Most governments most of the time historically have run budget deficits. This is essential, because if the rest of us want to build up our savings in pounds (including foreigners in ‘the rest of us’) it turns out the UK Government will be forced, on way or another, to run a deficit. A good deficit will prevent a recession from happening, and a bad deficit would be the result of a recession happening and tax receipts crashing while welfare payments rise, when everyone wants to save and not spend. To explain the logic properly would mean going into too much detail here, but believe me it is a mathematical (or accounting) fact of life.

Doesn’t all this mean the Government getting further and further into a burdensome ‘debt’, which future generations will have to repay, so that government borrowing is somehow immoral, and especially so if it isn’t to pay for investments in the future?

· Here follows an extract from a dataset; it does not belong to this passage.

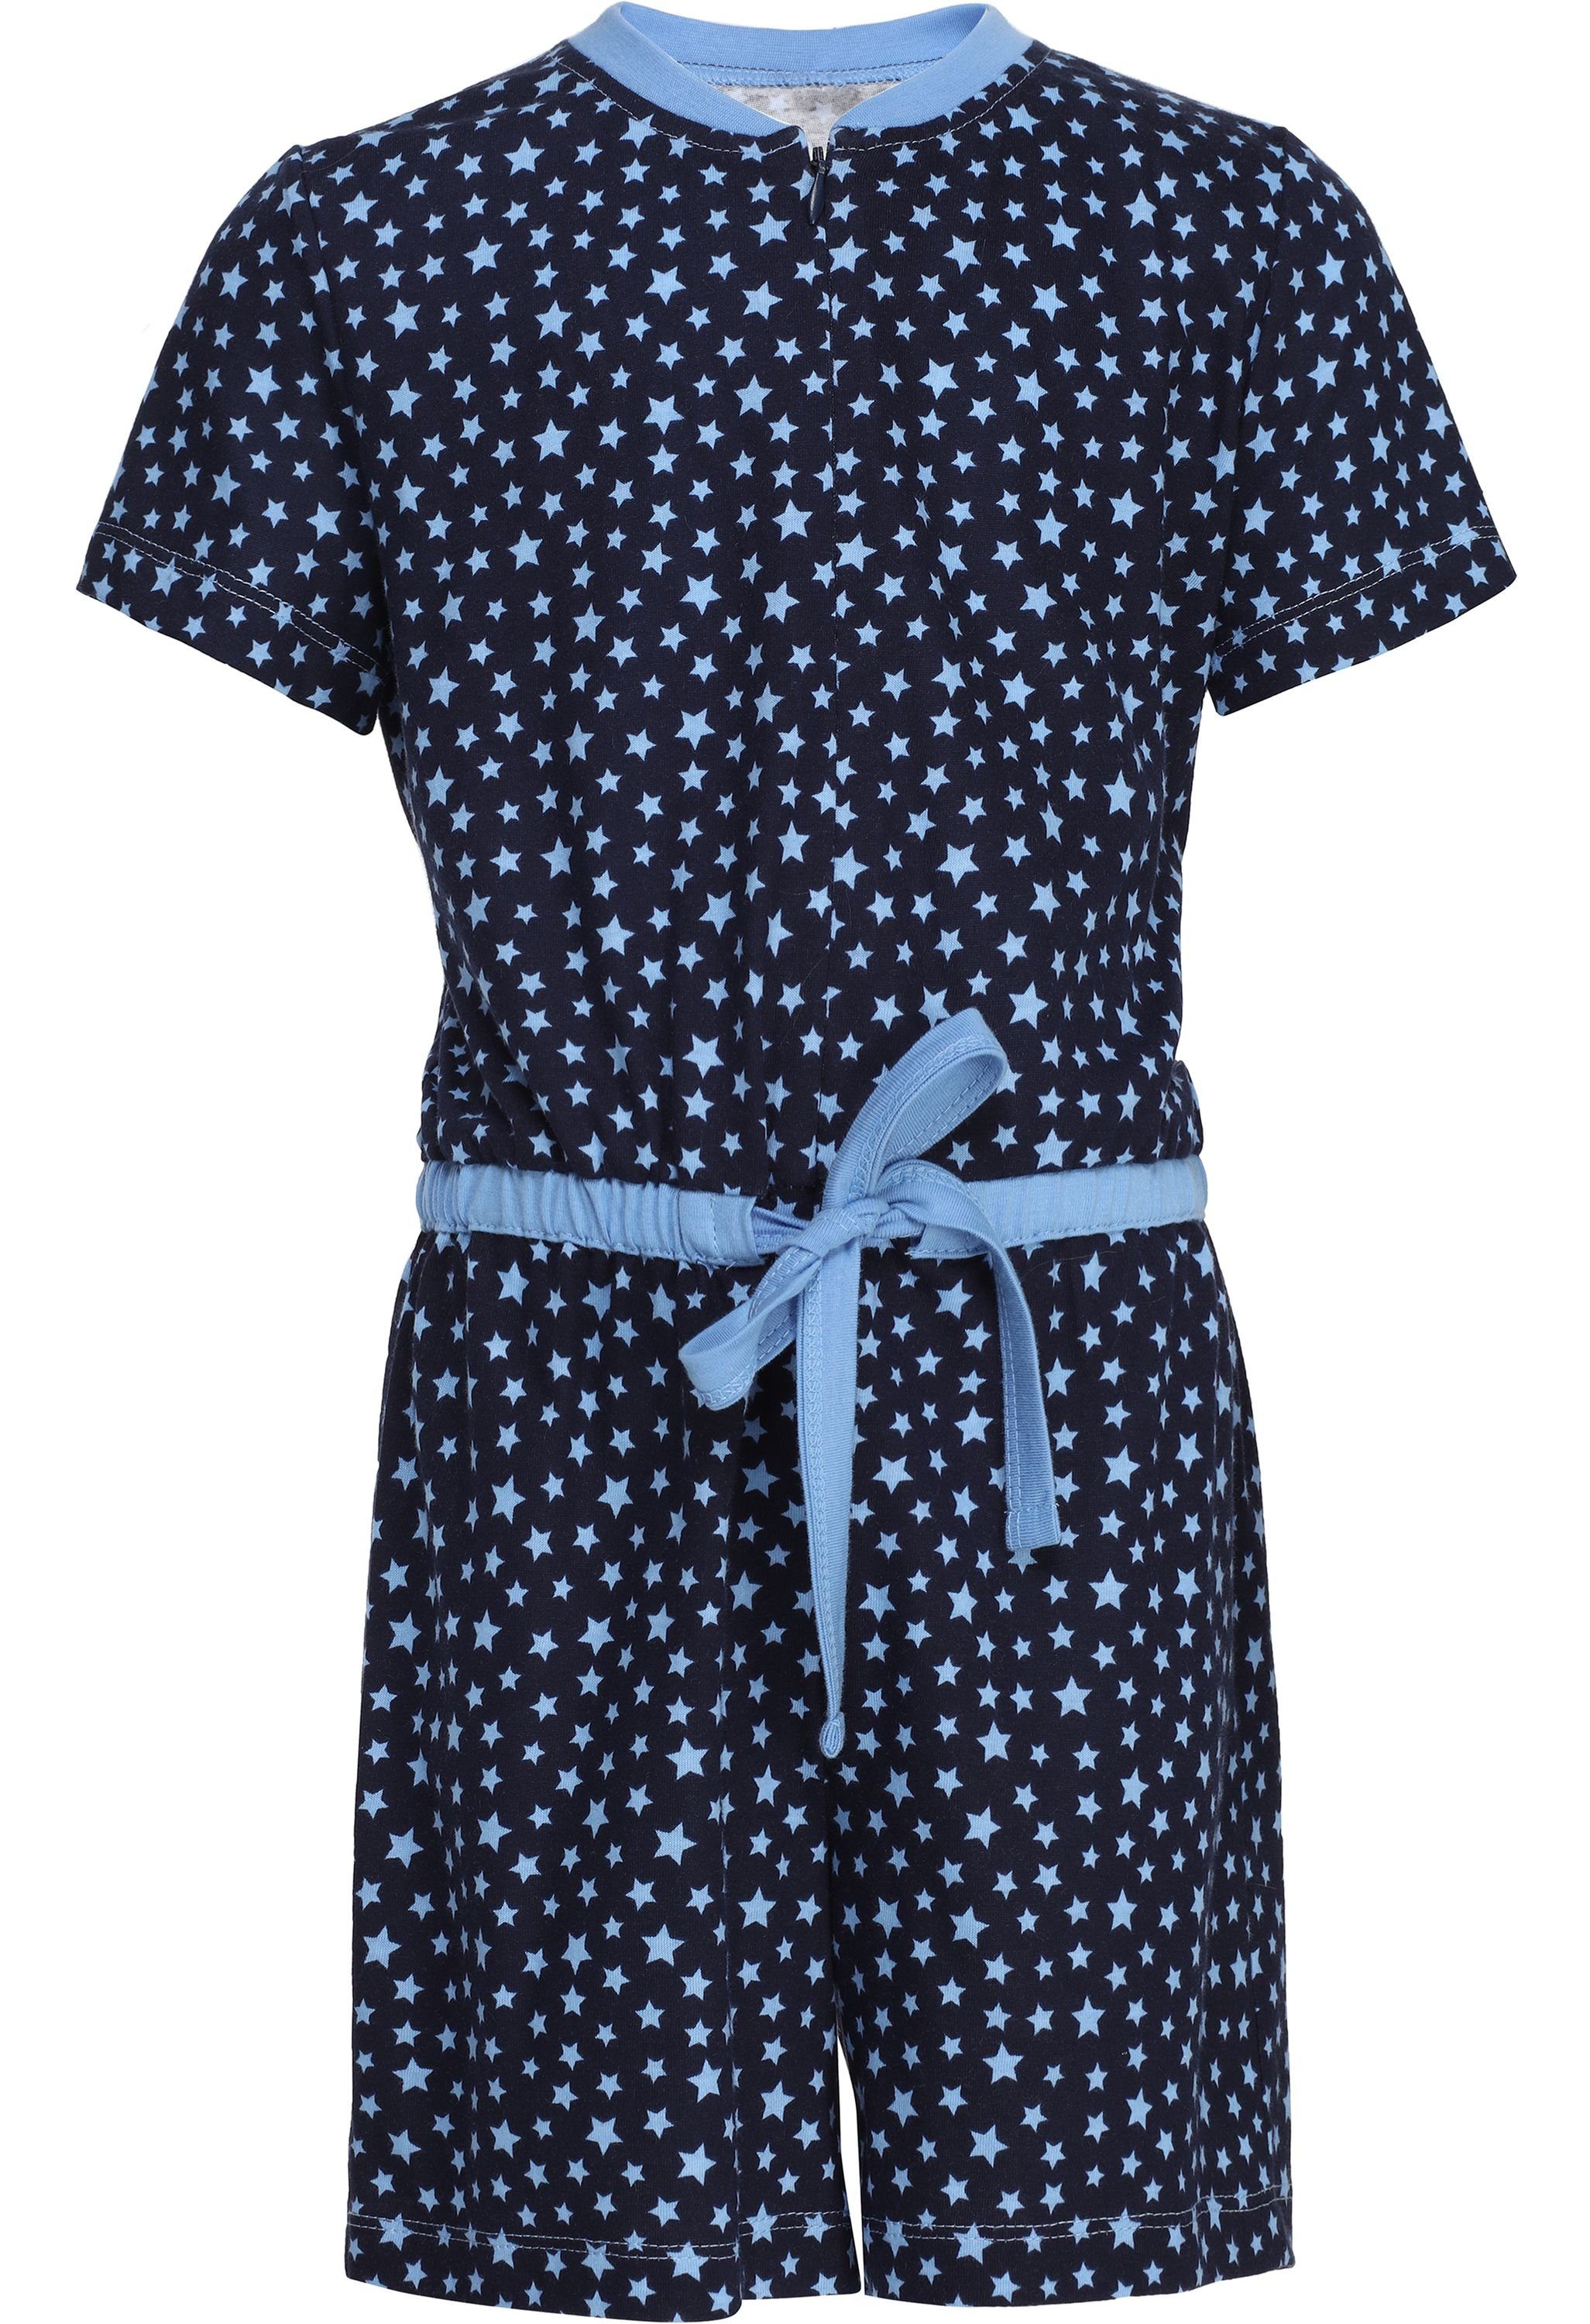 Marineblau/Sterne Schlafanzug Overall Schlafanzug MS10-267 Style Mädchen Merry Short

Not once you understand that monetary sovereign governments can’t and don’t really borrow in their own currencies, at all, in the conventional sense of the term. When you or I, or a business, of a local authority, borrow in pounds, then later on we will have to repay that debt and the interest on it, or we will go broke. We are (obviously) not monetary sovereigns. We face a financing constraint.

It is different for the UK Government. I have already said that the Government spends new money into circulation, and then uses taxes to destroy some of that money so that there won’t be rising inflation. Ideally, the Government should spend more than it taxes, when it is running a deficit, to ensure that total spending in the economy is at the right level to maintain full employment. The total level of public spending, how it is divided up between public goods, and the structure of the taxation necessary to limit inflation, are then political issues.

Until the Global Financial Crisis, and before the Bank of England started doing quantitative easing, it was necessary for the Government to sell government bonds to more or less match government spending net of taxes, in order to keep control of interest rates. The reasons are a bit dull, but if you bear with me I will try to explain.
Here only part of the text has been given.